Exposicion de Resultados - osozzz/BachArchitecture-TT GitHub Wiki
Esta etapa detalla cómo exponer los resultados procesados del pipeline para su consumo vía:
- 🔎 Amazon Athena (consultas SQL serverless)
- 🔗 API REST (FastAPI + Docker en EC2)
Desde consola o CLI:
aws glue create-database --database-input '{"Name":"bacharchitecture_db"}'
📸 Captura Relevante: Página de Glue > Databases con bacharchitecture_db
.
Puedes hacerlo desde consola Athena o usando el script create_athena_tables.py
.
CREATE EXTERNAL TABLE IF NOT EXISTS bacharchitecture_db.city_summary (
city STRING,
avg_temp_max DOUBLE,
avg_temp_min DOUBLE,
avg_precipitation DOUBLE,
avg_windspeed DOUBLE
)
ROW FORMAT SERDE 'org.apache.hadoop.hive.serde2.lazy.LazySimpleSerDe'
WITH SERDEPROPERTIES ('field.delim' = ',')

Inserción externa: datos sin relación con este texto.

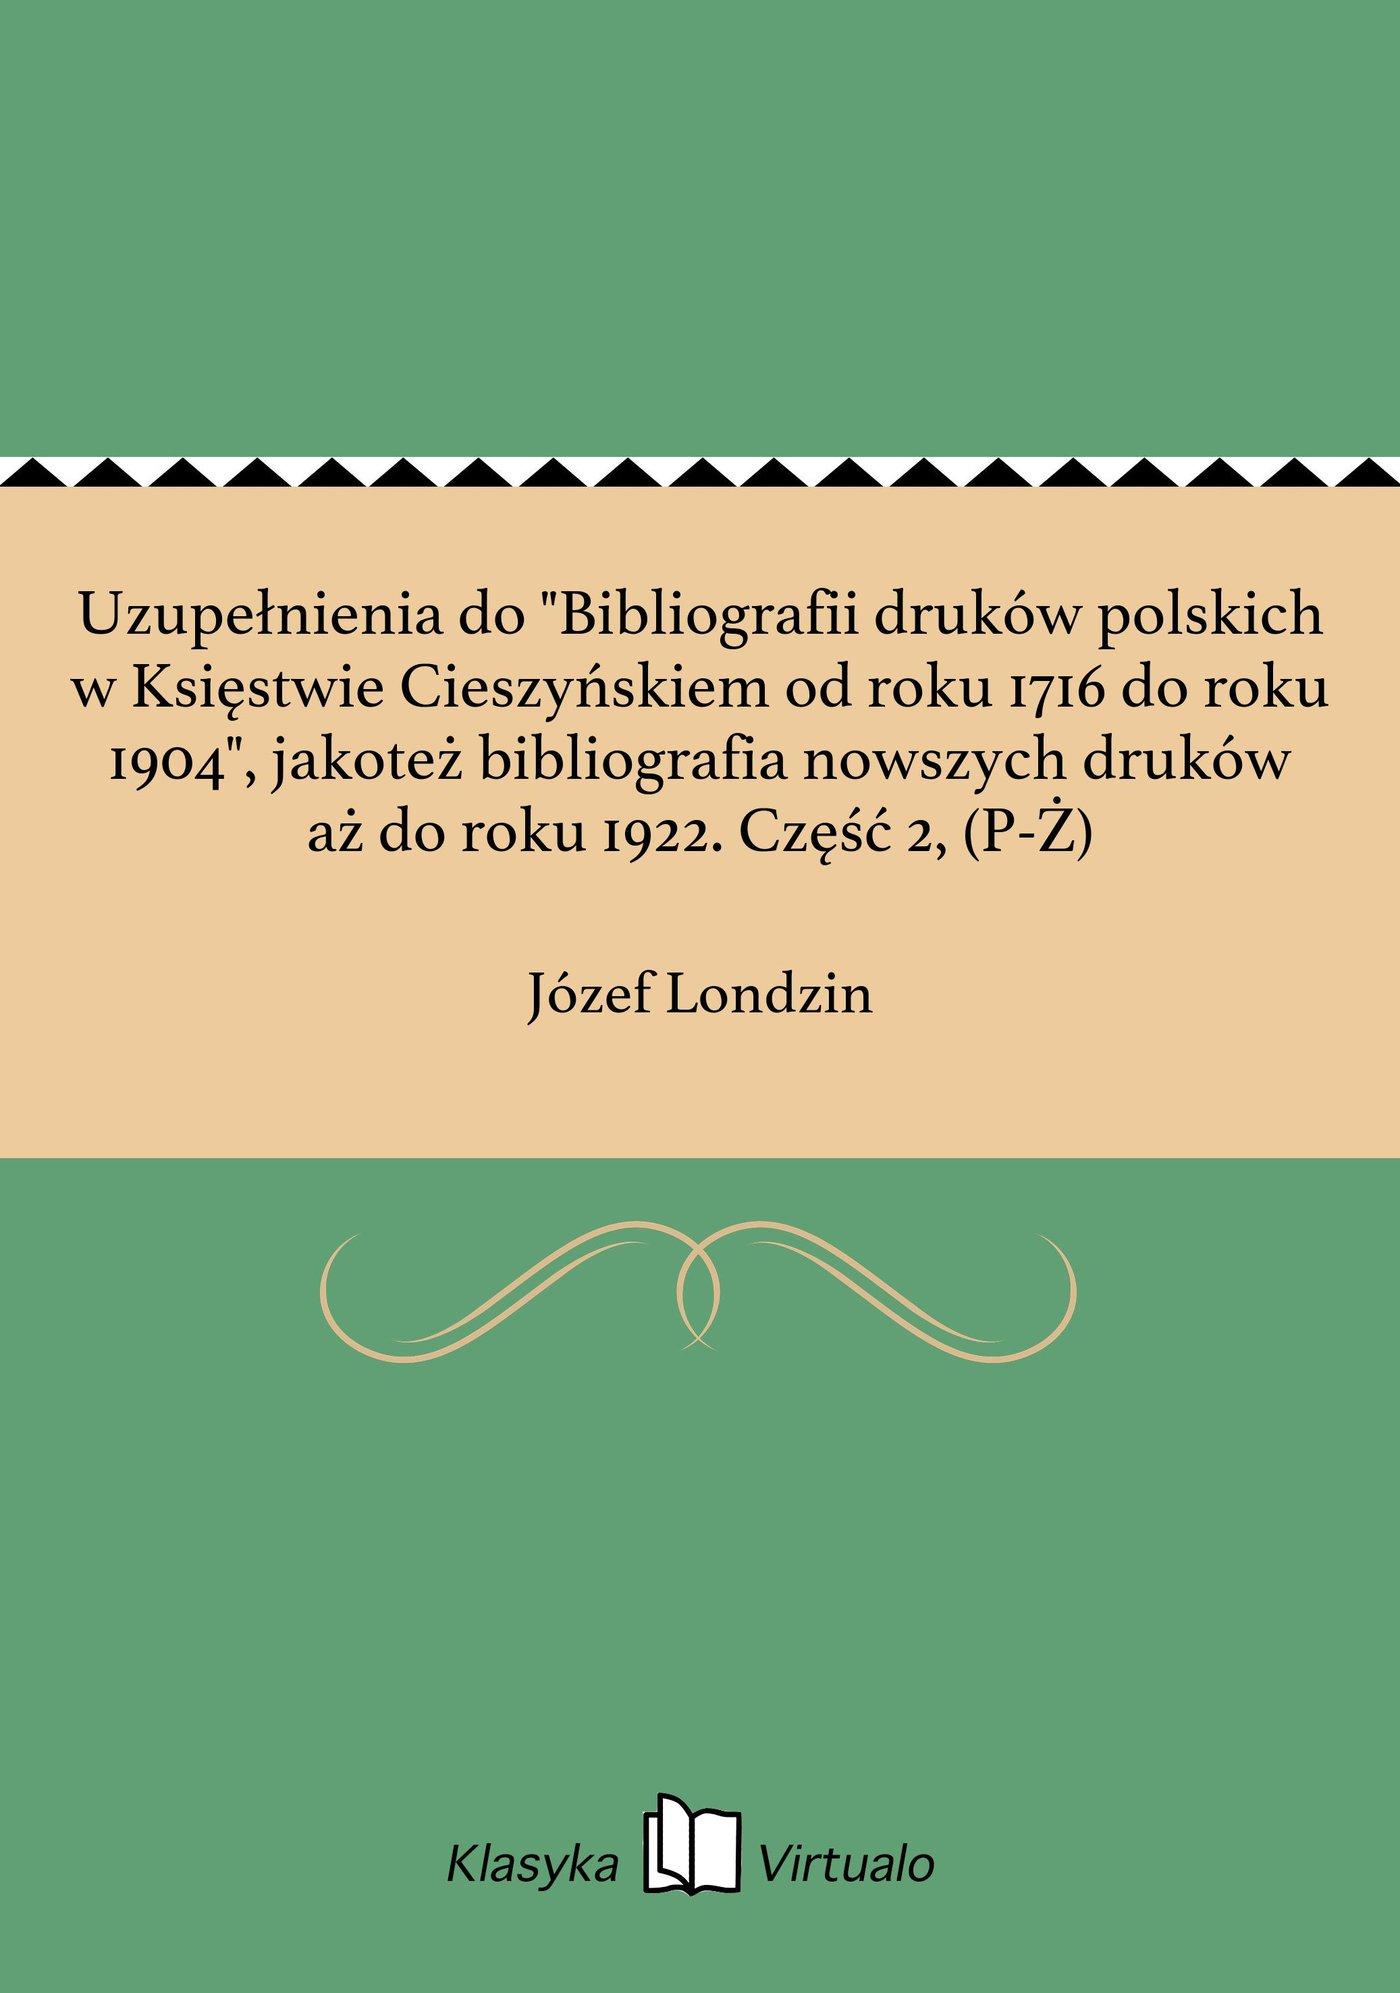 """Uzupełnienia do """"Bibliografii druków polskich w Księstwie Cieszyńskiem od roku 1716 do roku 1904"""", jakoteż bibliografia nowszych druków aż do roku 1922. Część 2, (P-Ż) - Ebook (Książka na Kindle) do pobrania w formacie MOBI"""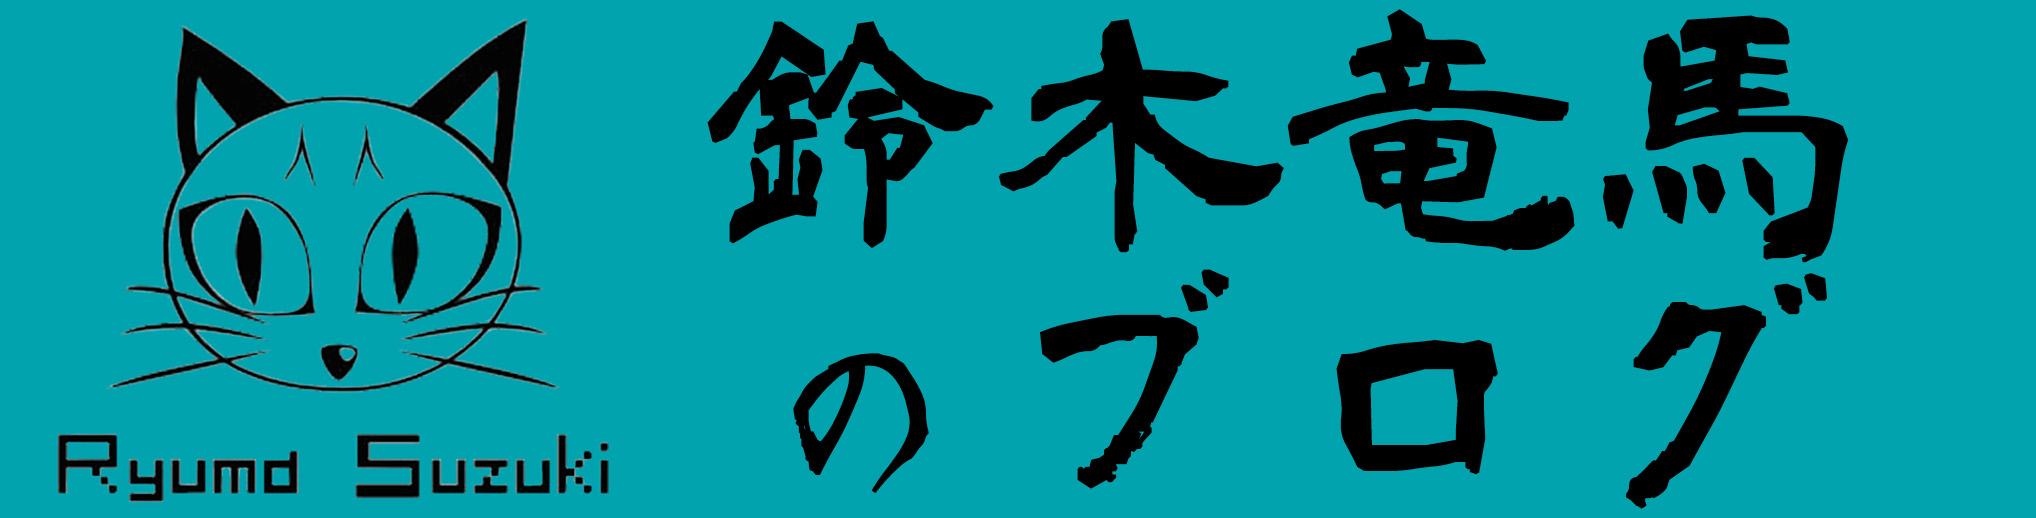 鈴木竜馬のブログ

LOCATION 's3://bacharchitecture/refined/summary/'
TBLPROPERTIES ('skip.header.line.count'='1');
CREATE EXTERNAL TABLE IF NOT EXISTS bacharchitecture_db.city_clusters (
city STRING,
temperature_max DOUBLE,
temperature_min DOUBLE,
precipitation DOUBLE,
windspeed DOUBLE,
features STRUCT<type:STRING, values:ARRAY<DOUBLE>>,
prediction INT
)
STORED AS PARQUET
LOCATION 's3://bacharchitecture/refined/clusters/';
📸 Captura Relevante: Vista de las tablas en consola Athena.
SELECT * FROM bacharchitecture_db.city_summary;
SELECT city, prediction, COUNT(*) FROM bacharchitecture_db.city_clusters GROUP BY city, prediction;
📸 Captura Relevante: Resultado de una consulta en consola Athena.
api/
├── main.py
├── services/
│ └── athena_client.py
├── requirements.txt
└── Dockerfile
from fastapi import FastAPI
from services.athena_client import query_athena_summary, query_clusters
app = FastAPI(title="BachArchitecture API")
@app.get("/summary")
def get_summary():
return query_athena_summary()
@app.get("/clusters")
def get_clusters():
return query_clusters()
import boto3
import pandas as pd
import time
athena = boto3.client("athena", region_name="us-east-1")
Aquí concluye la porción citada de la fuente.